8. Non-Competition: The non-competition provision of the Employee Agreement shall remain in effect for the full duration of the period that severance benefits are awarded under this Plan without regard to the schedule, form or manner of payment.
9. Employment Contracts or Other Written Agreements In Effect: If, on the date of termination, an employment contract or other written agreement between an eligible employee and the Company is in effect, which sets forth the separation pay and other benefits payable to such eligible employee upon termination, then, unless otherwise provided by the terms of such written agreement, the eligible employee will be entitled to the greater of the separation pay and other benefits provided for in such employment contract or agreement, or the separation pay and other benefits payable in accordance with this Plan.
10. Non-Uniform Determinations: The Plan Administrator’s determinations under this Plan need not be uniform and may be made selectively among the persons who receive, or are eligible to receive, awards hereunder (whether or not such persons are similarly situated).
11. Plan Construction: RCPC has the final authority with respect to the construction, interpretation and application of the terms of the Plan and the eligibility for separation pay or other benefits under this Plan. RCPC’s decisions in all such matters are final and binding.

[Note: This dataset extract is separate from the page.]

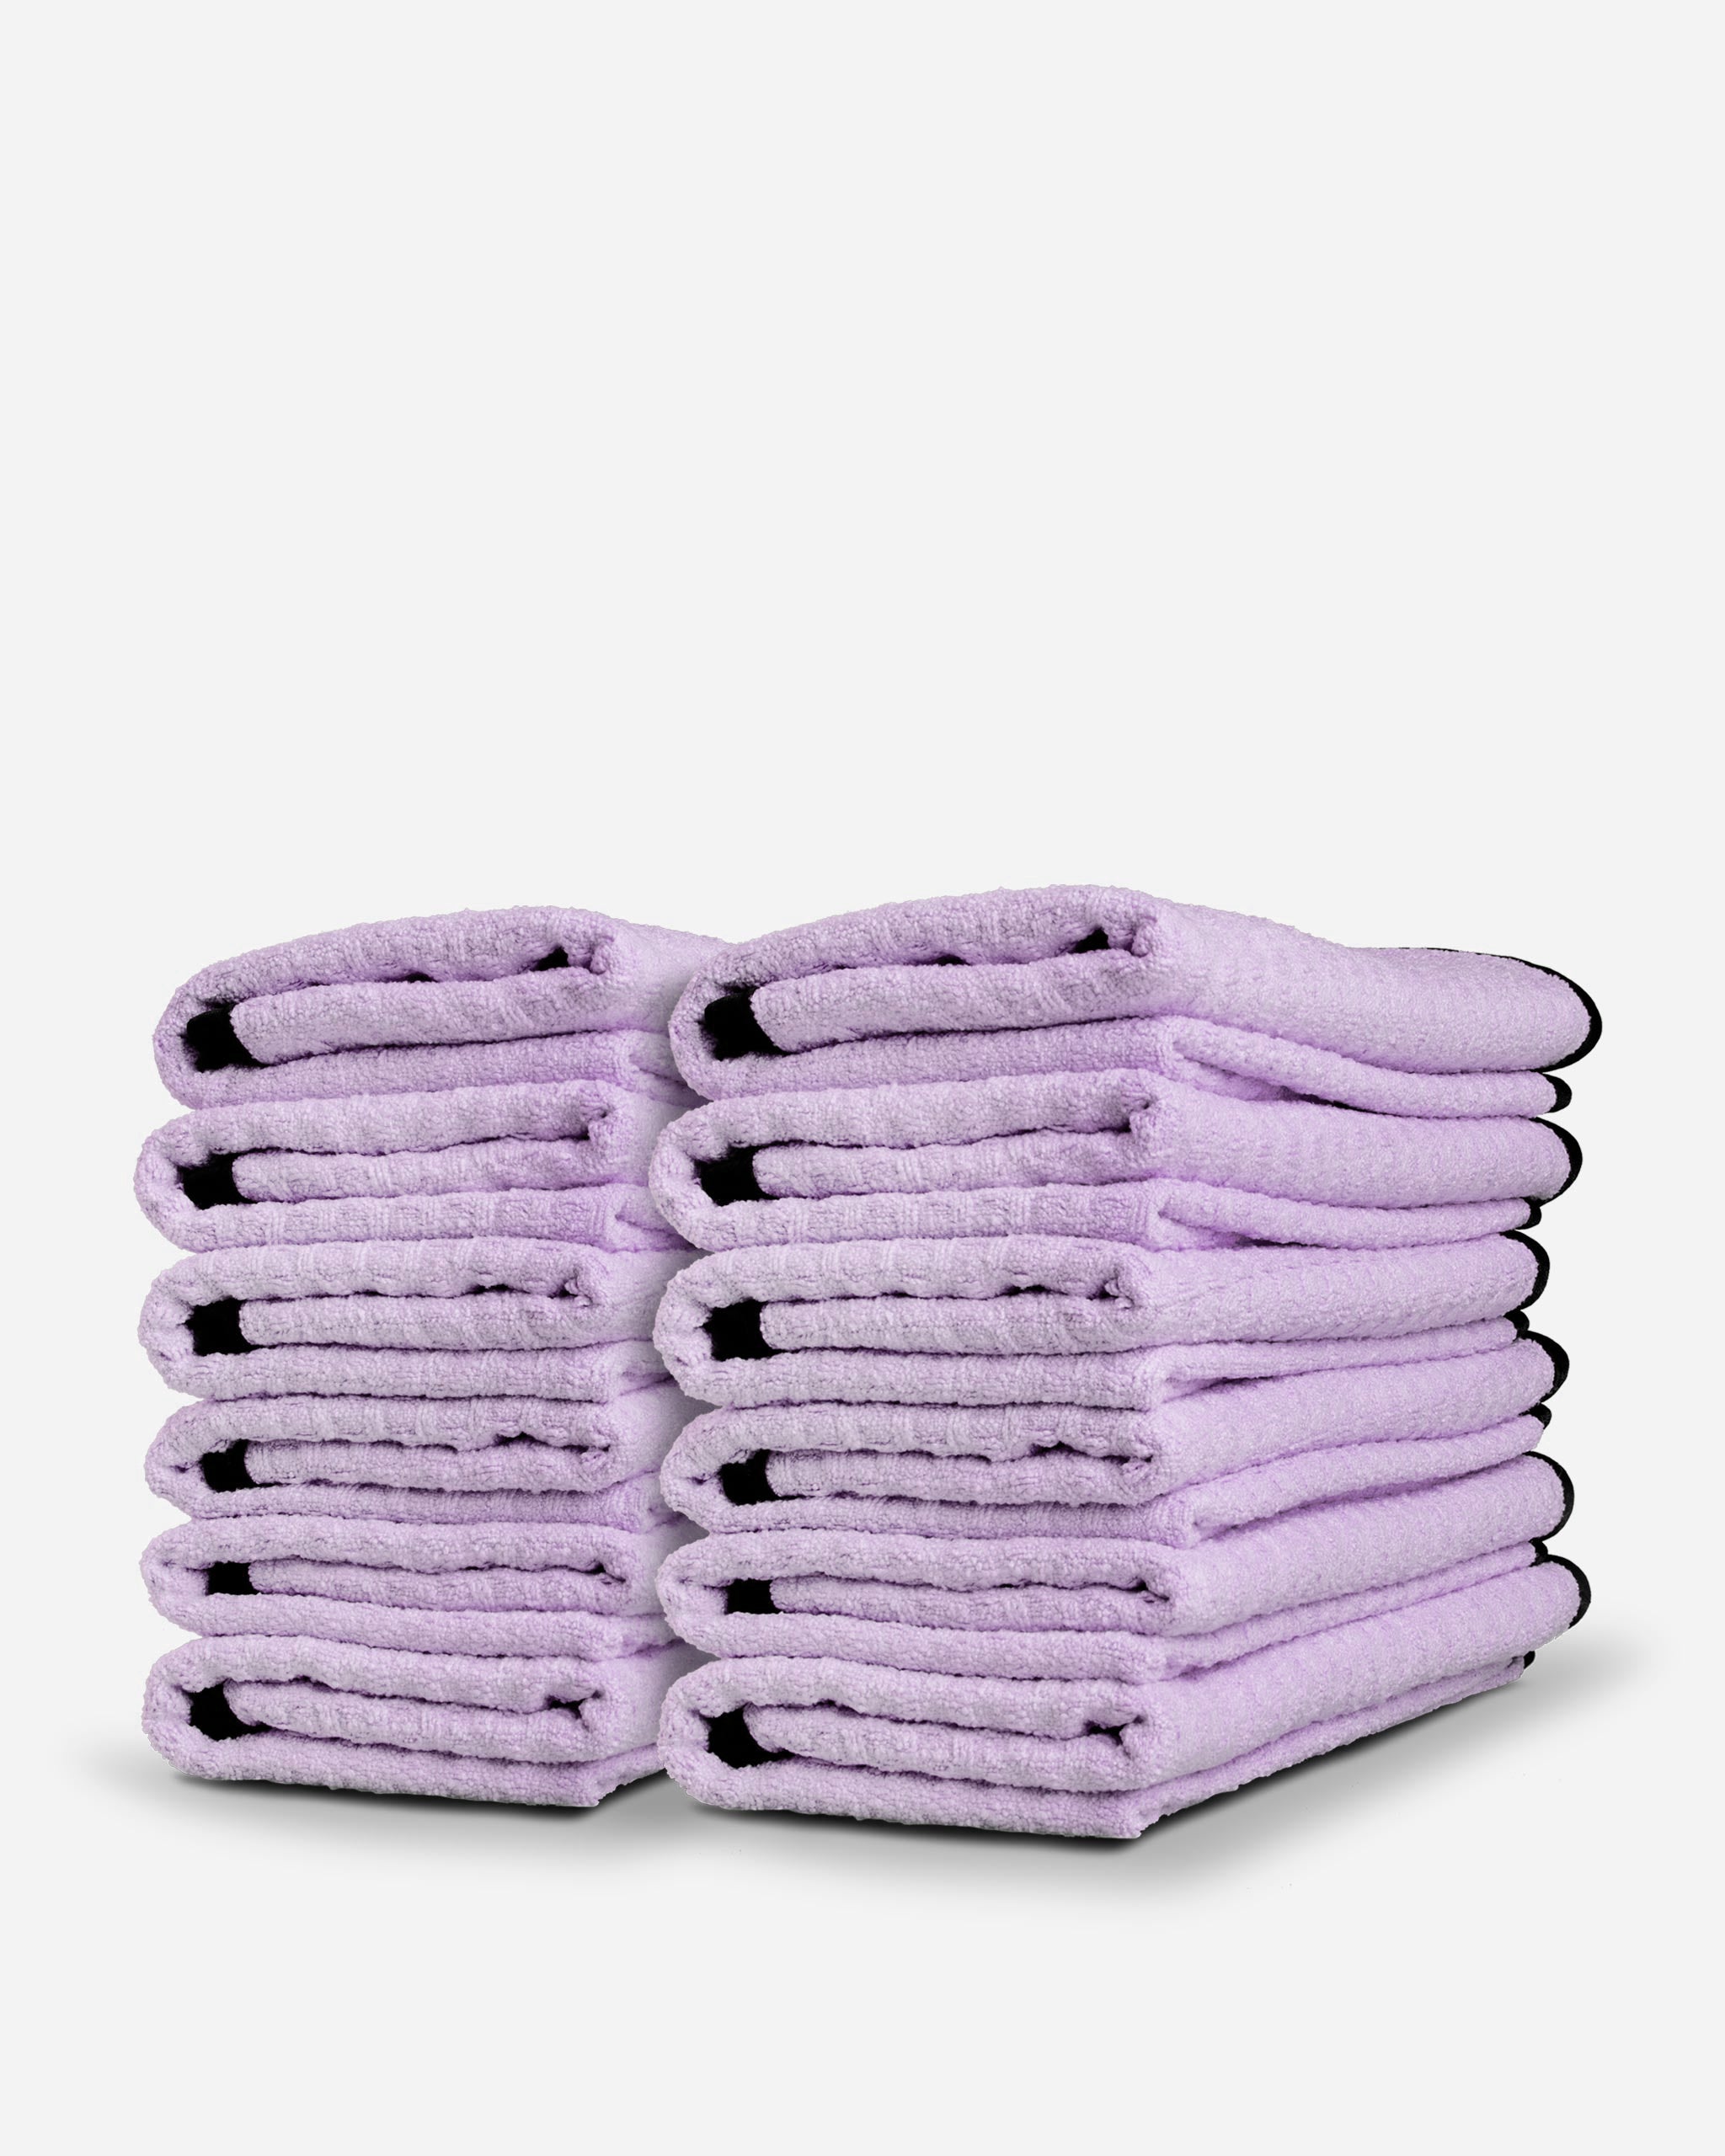 Adam's Microfiber Waterless Wash Towels

Employees who have questions with respect to this Plan may contact RCPC’s senior-most Human Resources executive or his/her designee.
12. Governing Law: The Plan will be construed, administered and enforced according to the laws of the State of New York, to the extent not pre-empted by federal law.
AMENDMENT OR TERMINATION OF PLAN
RCPC reserves the right to amend, modify or terminate this Plan or any portion of it at any time, including the list of participating employers on Appendix A, and for any reason, in each case without advance notice to eligible employees and/or their dependents and/or beneficiaries. Any such action may be effected by actions of the Board of Directors of RCPC or officers expressly authorized by the Board. Any such action shall be in writing.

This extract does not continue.